The Propulsion team is working with the aim of providing a specially developed engine for the experimental rockets. Students from numerous disciplines are introduced to the complex rocket engine system and develop technical solutions in subsystems such as injection, ignition, cooling or integration. In this area, close cooperation is maintained with the Institute of Gas Turbines, Aerospace Propulsion (GLR) at the TU Darmstadt. Currently, bachelor/master theses as well as project work on the engine or on a designated test bed are being carried out.
About the engine:
The engine will use the liquid fuels ethanol and nitrous oxide (laughing gas) and is designed to deliver a thrust of 2000 N. The oxidizer will be cooled to -70°C to optimize the performance of the rocket. The propellants are transported into the combustion chamber by an appropriate internal pressure in the tanks, making the development of complex turbo pumps unnecessary. In the current iteration, an exhaust gas velocity of 2200 m/s (corresponding to a specific impulse of 225s) at a fuel mass flow of about 1Kg/s is to be achieved.
The current work is focused on the design of an extended ignition unit for the test bench iteration of the engine. This is operated with gaseous hydrogen and oxygen. A cooling system for the flame tube is used, which is to be qualified in the test campaign, as well as the injection element for further development on the engine.
Furthermore, work is being carried out to set up a test stand for research and test operation, as well as for simulation and flow optimization of the injection system, combustion chamber and nozzle. In addition, conceptual work and simulations for cooling the entire engine are being carried out.

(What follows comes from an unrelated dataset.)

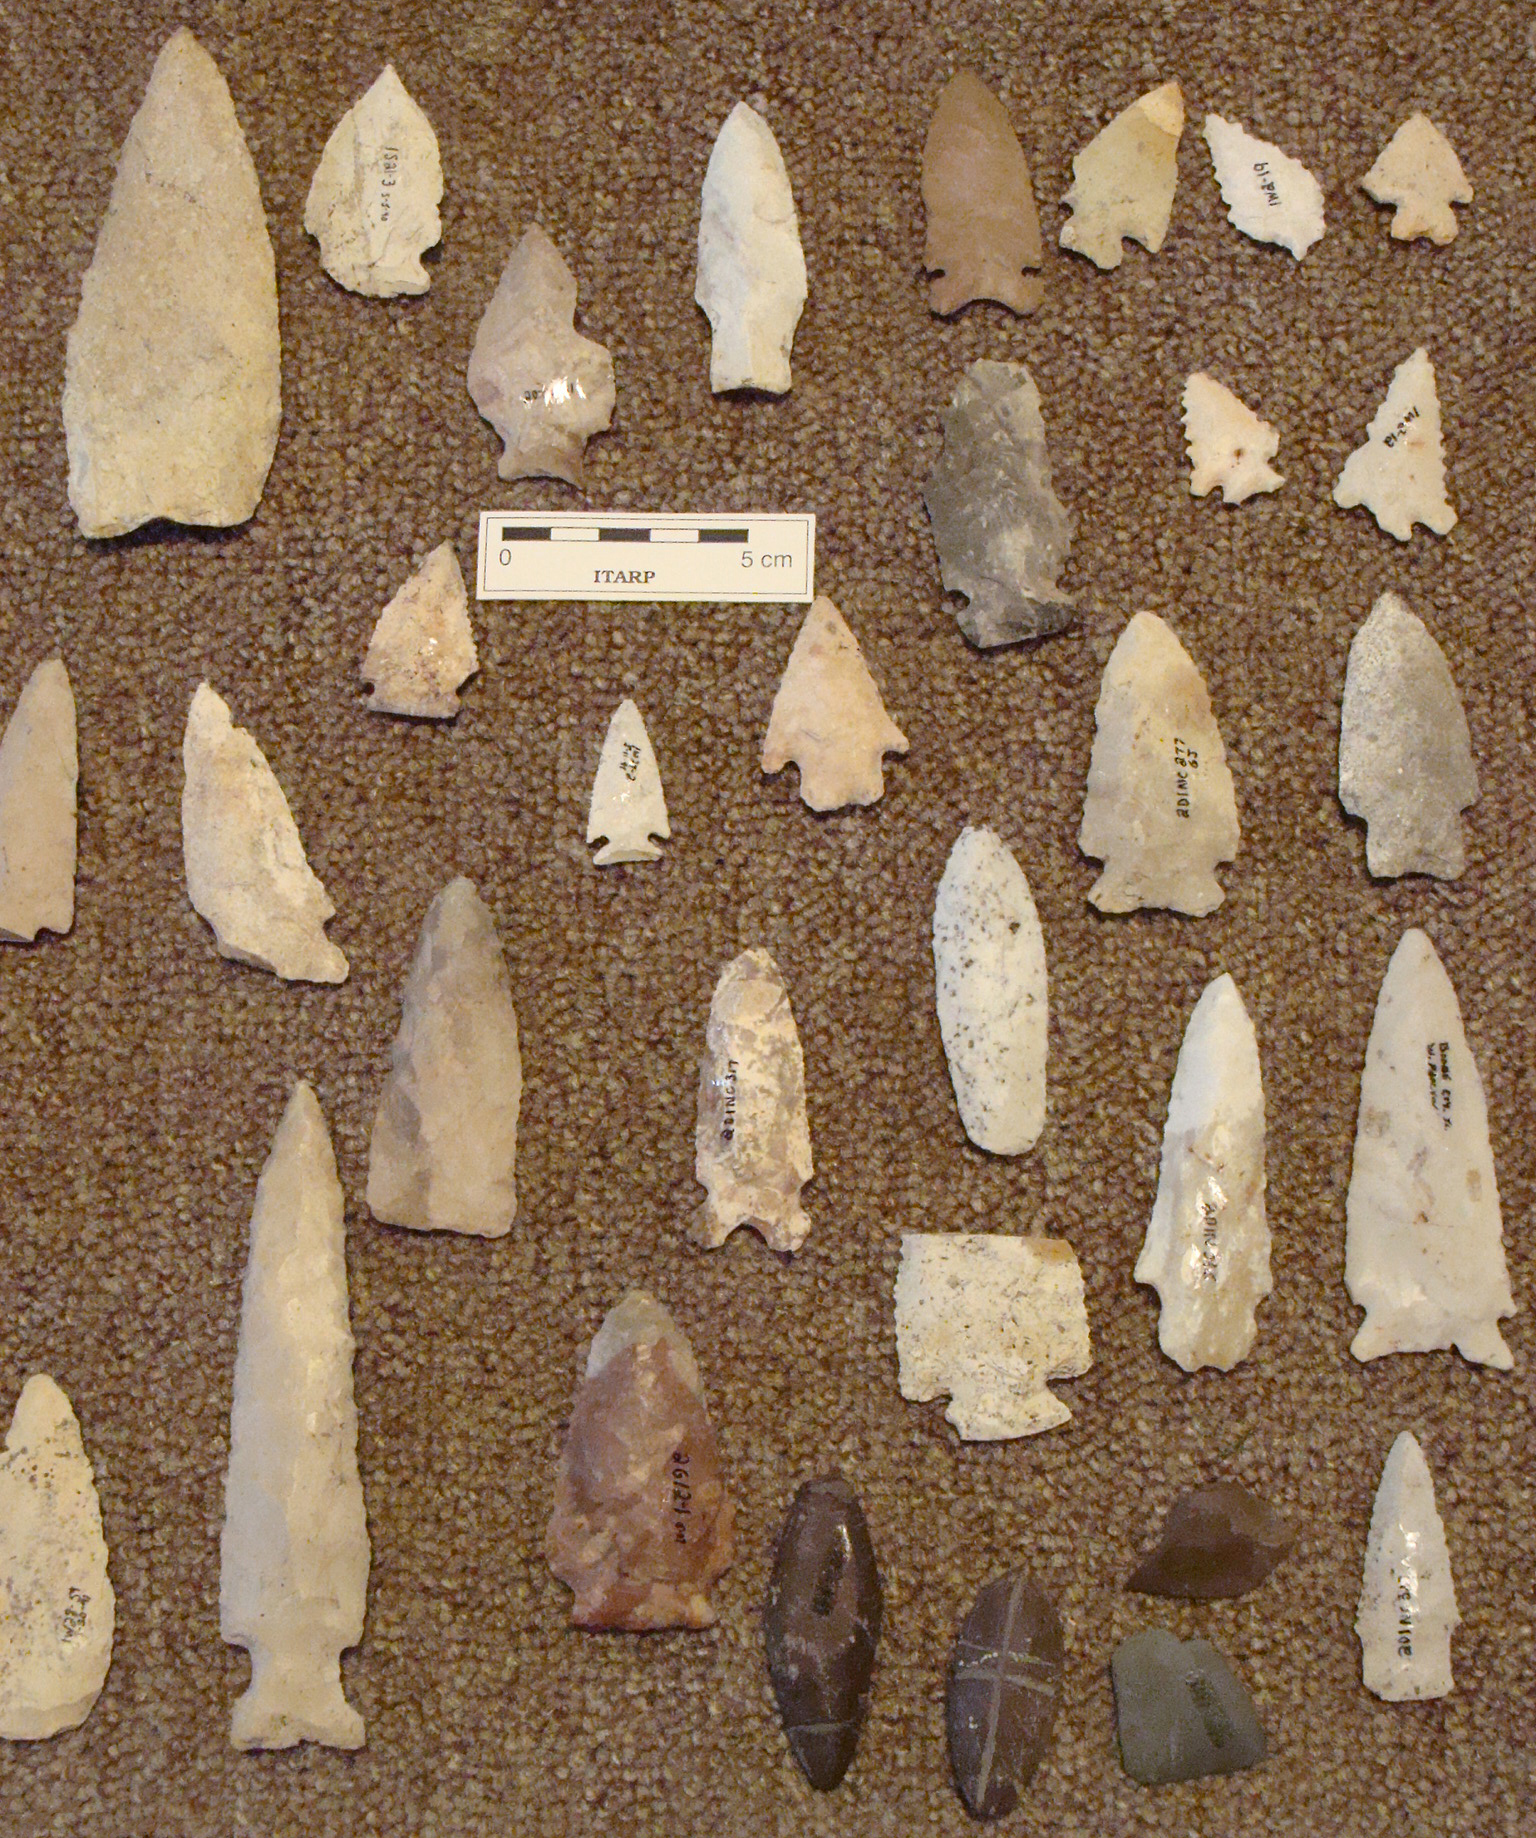 Early Mid-Archaic Projectile points

Currently, a toolbox implemented in Python is being developed, which combines the calculation bases of many individual subsystems and enables the optimization of the entire engine system. At the same time, the toolbox serves as a “library” for previously acquired knowledge of the team and should also make it easier for new members to get started
Further subsystem test campaigns are planned, such as a cold-flow injector test carrier and an oxidizer cooling process based on dry ice.
Once the individual systems are sufficiently qualified, the combustion process will be investigated and optimized in an initial test phase of the entire engine. Finally, the further development to flight hardware, which places high demands on weight and durability, is planned.